1.17. "Order Form" means any Flock Order Form entered into by the Parties on the
date hereof or following the Effective Date and incorporated herein by reference. Each
Order Form will describe the Flock Services to be performed and the period for
performance.
1.18. "Permitted Purpose" means a legitimate public safety and/or business purpose,
including the awareness, prevention, and prosecution of crime; investigations; and
prevention of commercial harm, and performance of obligations required under local,
state, and federal regulations, to the extent permitted by law.
1.19. "Reinstall Fee Schedule" means the fee schedule set forth at
https://www.flocksafety.com/reinstall-fee-schedule.
1.20. "Retention Period' means the time period that footage captured by the Flock
Hardware or Customer Hardware via the Flock Services and the associated metadata is
stored by Flock, as specified in the applicable Order Form.
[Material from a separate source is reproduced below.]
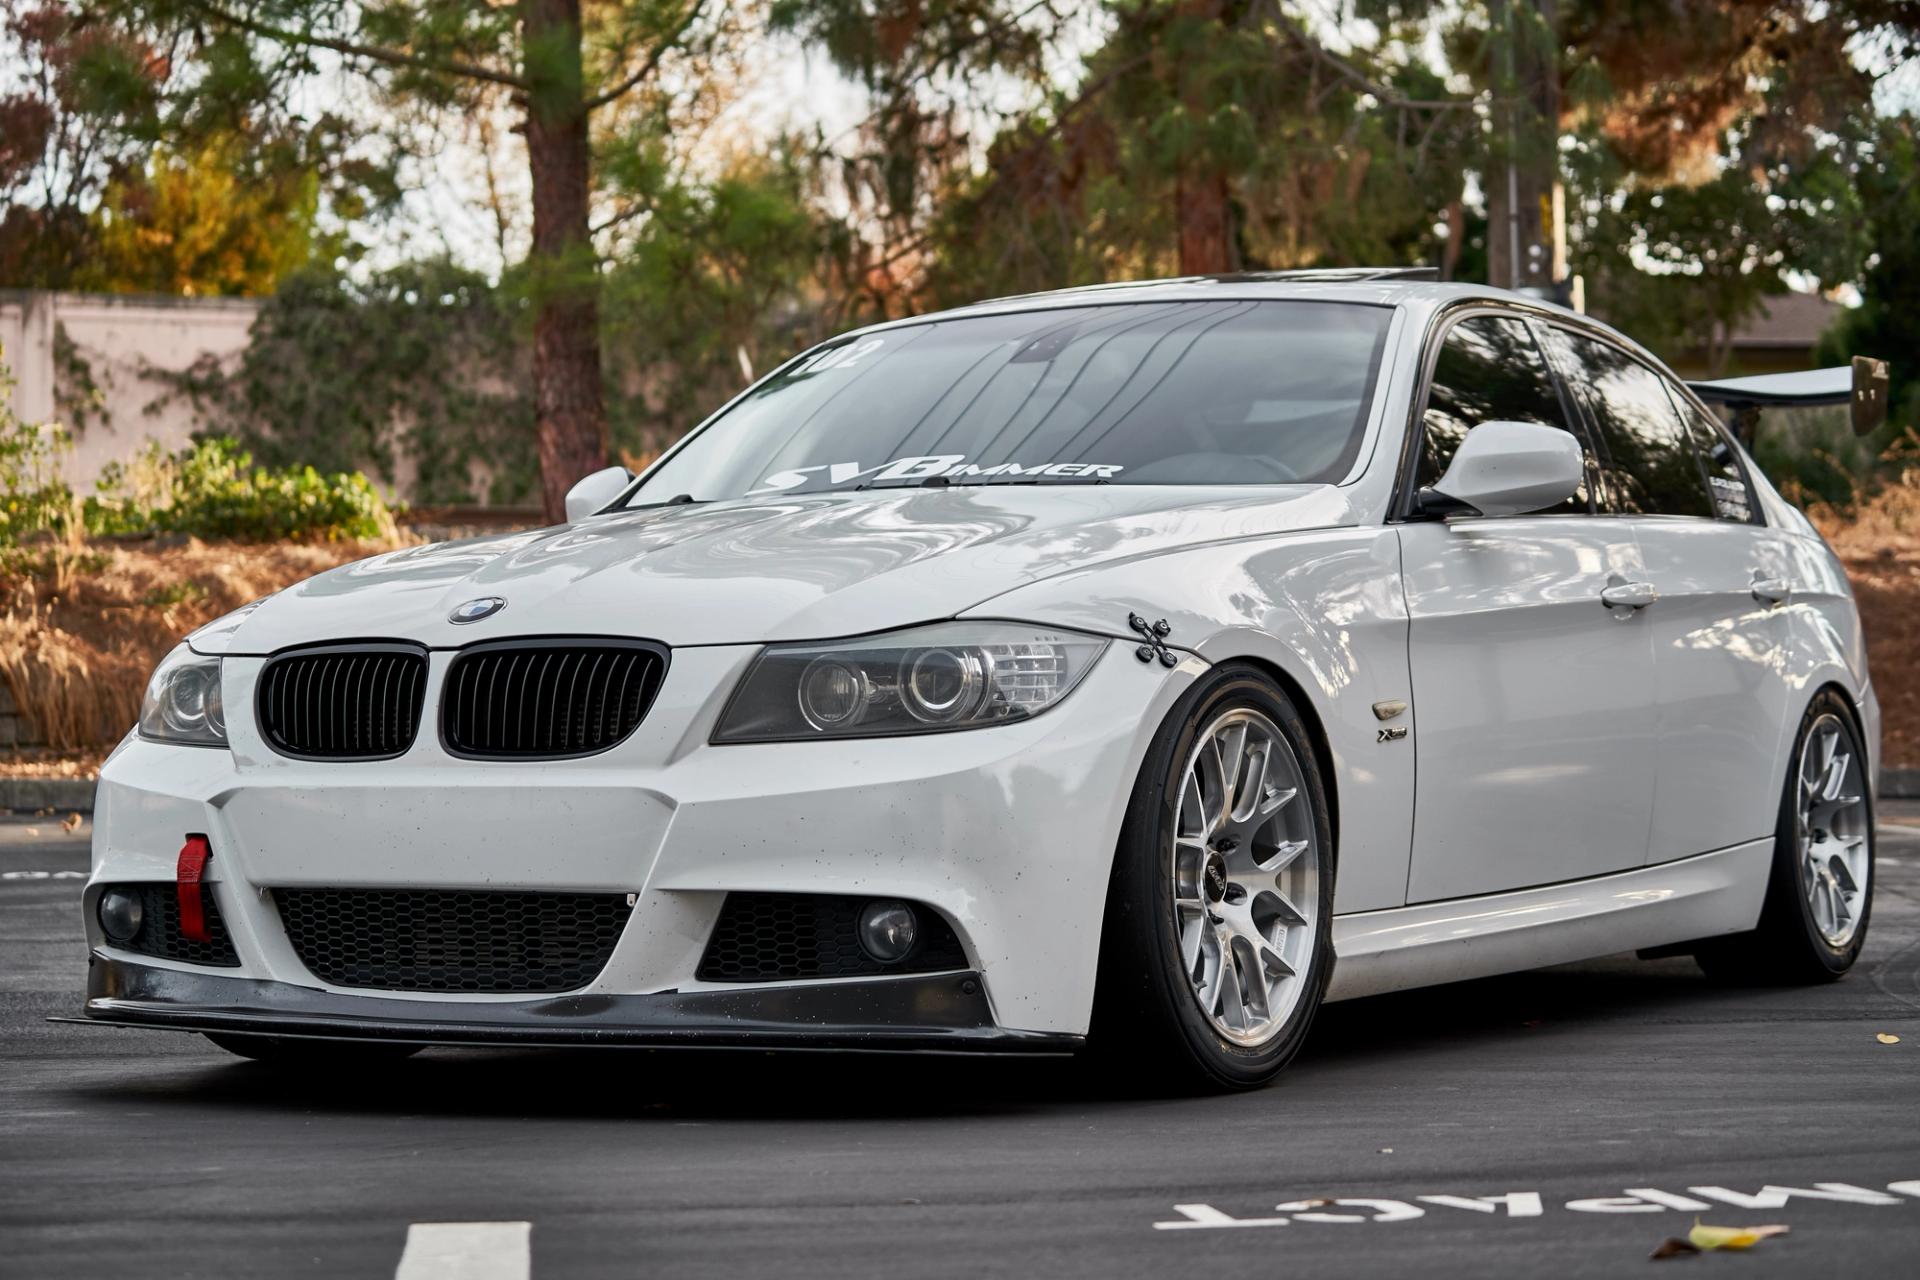 BMW E90 LCI Sedan 3 Series with 17" EC-7R in Brushed Clear

1.21. "Web Interface" means the website(s) or application(s) through which Customer
and its Authorized End Users can access the Flock Services.
2. ACCESS AND USE
2.1. Provision of Access. Subject to compliance with the terms of the Agreement, Flock
grants to Customer and its Authorized End Users a limited, non-exclusive, non-
transferable right to access and use the Flock Services via the Web Interface during the
term of this Agreement, solely for the Permitted Purpose. Customer shall access the
Flock Services through the Web Interface only (a) through its Authorized End Users
acting within the scope of their service for Customer; (b) for the internal use of
Customer; and (c) from and within the United States.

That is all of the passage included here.